• General
  • December 21, 2021
  • 6 minutes read

Rothy’s, the Sustainable Shoe Brand, Valued At $1B In Funding Deal

Rothy’s, an American direct-to-consumer “D2C” shoe manufacturer that’s made a name for itself selling machine-washable shoes made out of recycled…

Rothy’s, an American direct-to-consumer “D2C” shoe manufacturer that’s made a name for itself selling machine-washable shoes made out of recycled plastic, has gotten a big investment from Alpargatas, a publicly-traded Brazilian shoe maker best known for its Havaianas brand of flip-flops. Alpargatas will invest $475mn in exchange for a 49.9% stake in Rothy’s, plus the option to acquire the remaining 51.1% stake at will for a specific period. 
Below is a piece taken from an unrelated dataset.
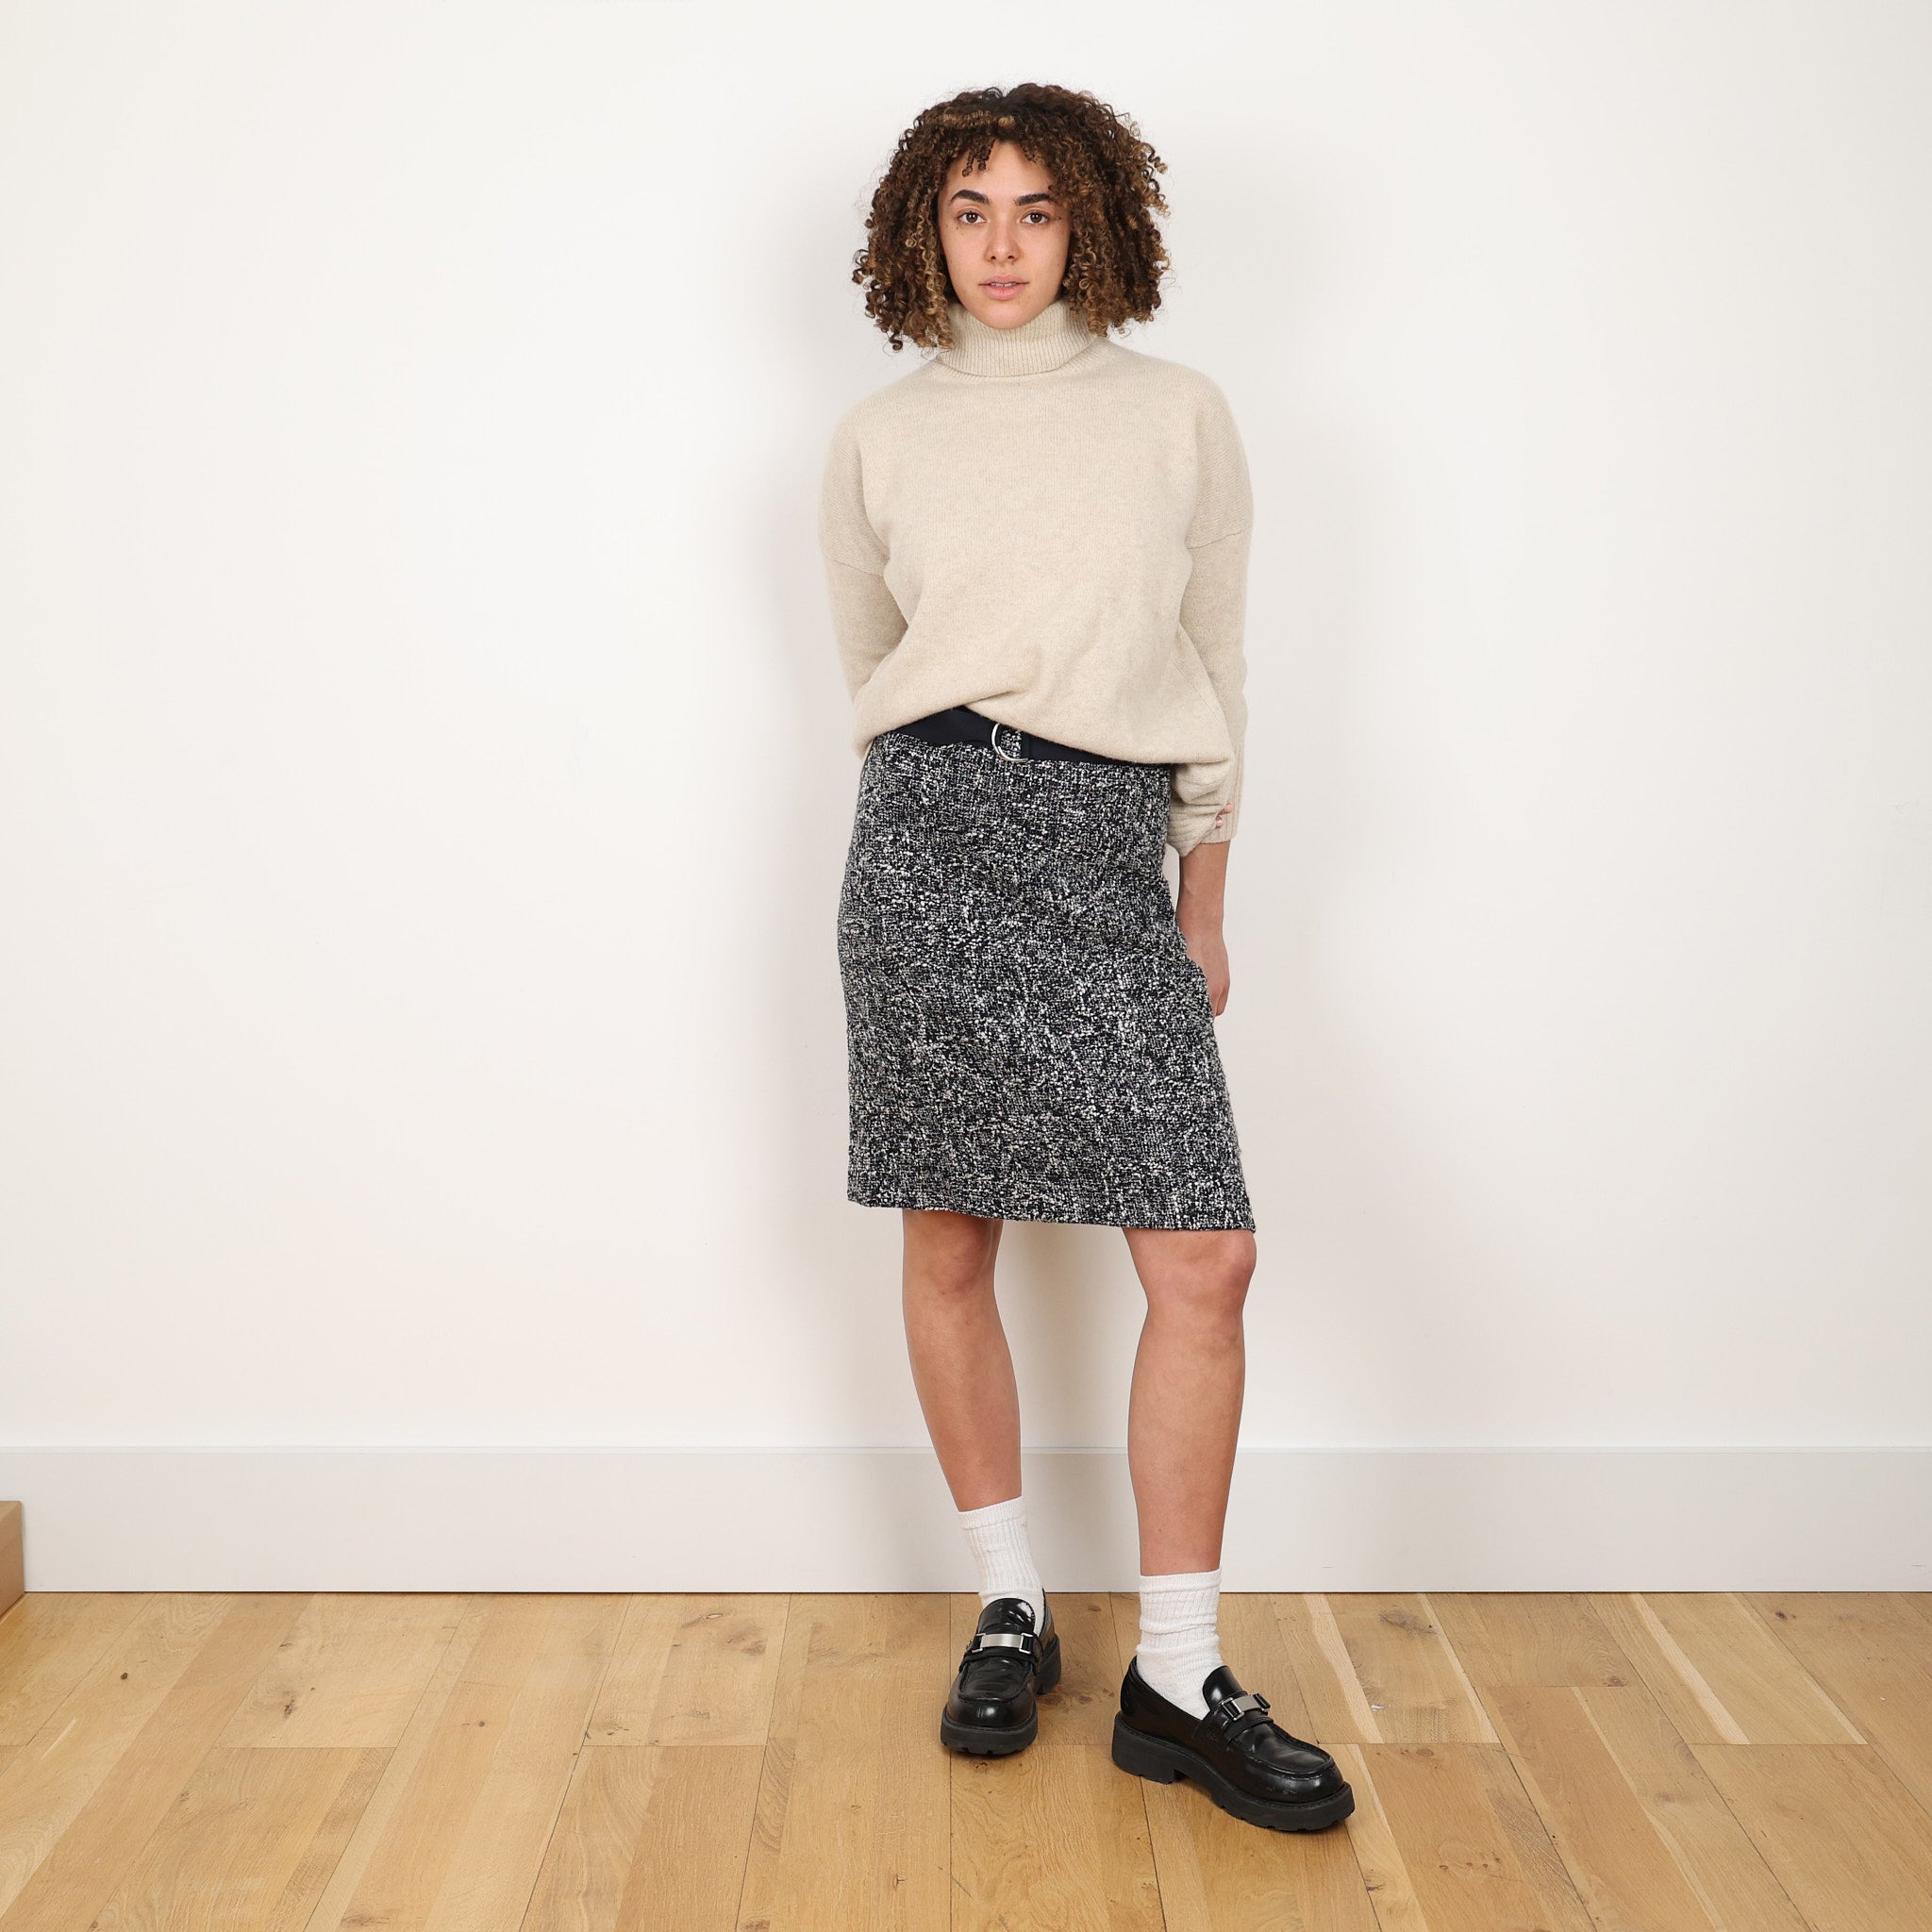 Skirt, UK Size 12

The investment is divided into two tranches; $200mn that’ll go to Rothy’s as working capital and $275mn to buy shares from existing shareholders including Rothy’s founders. The investment values Rothy’s at $1bn, marking a solid exit for a shoe brand founded barely a decade ago.

  • Rothy’s is among the crop of direct-to-consumer retailers making waves in the US. It has captured a niche of the footwear market with a focus on sustainability, in contrast to the massive environmental pollution the fashion industry is notorious for. 

 

  • Rothy’s makes footwear from recycled plastic material that’s melted into pellets and stretched into fibers, in combination with recycled foam and recycled rubber soles. The company initially focused on women shoes, but has branched out into men’s and children’s. It also began selling handbags last year.

 

  • Rothy’s is similar to Allbirds (NASDAQ: BIRD), another sustainable footwear maker which debuted on the public markets this year. Both companies run low-cost factories in China, from which they ship their shoes to western markets at a healthy markup. They also spend big on marketing and branding, which is the primary success ingredient in a sea of many D2C startups. 

 

  • Rothy’s is a digital-first business, with 98% of its sales online and just 2% from physical stores (according to its statement). The company claims to have over 2 million customers. 

Alpargatas S.A (BVMF: ALPA4) is a Brazilian conglomerate of global footwear brands, including the Havaianas and Dupe brands of flip-flops and sandals, and Osklen sneakers. Rothy’s will be the company’s fourth brand in which it’ll hold just shy of a majority stake. Furthermore, Alpargatas has the option to acquire the remaining Rothy’s shares up to four years after completing its first investment. 

The shareholders benefitting from the investment includes Rothy’s co-founders (Roth Martin and Stephen Hawthornthwaite) and VCs such as Lightspeed Ventures and M13, who’ll split the $275mn money pot. The founders will retain some equity stake thereafter, as is usual with deals of this sort. Rothy’s has raised around $40mn from VCs to date. 

  • Rothy’s success symbolizes the increasing attraction towards brands with a social appeal, particularly sustainability in the wake of major climate change awareness. Consumers, especially millennials, are gearing towards eco-friendliness when making everyday purchases, and brands like Rothy’s are well-positioned to ride this wave in the coming years. 

 

  • Brazil’s Alpargatas is spending the equivalent of 13x its annual profit (in 2020) to buy a half stake in Rothy’s, not to talk of what it may spend if it decides to exercise the option of buying the remaining half.  Such a high price shows urgency on the side of the Brazilian footwear conglomerate, and that it really wants Rothy’s on its side.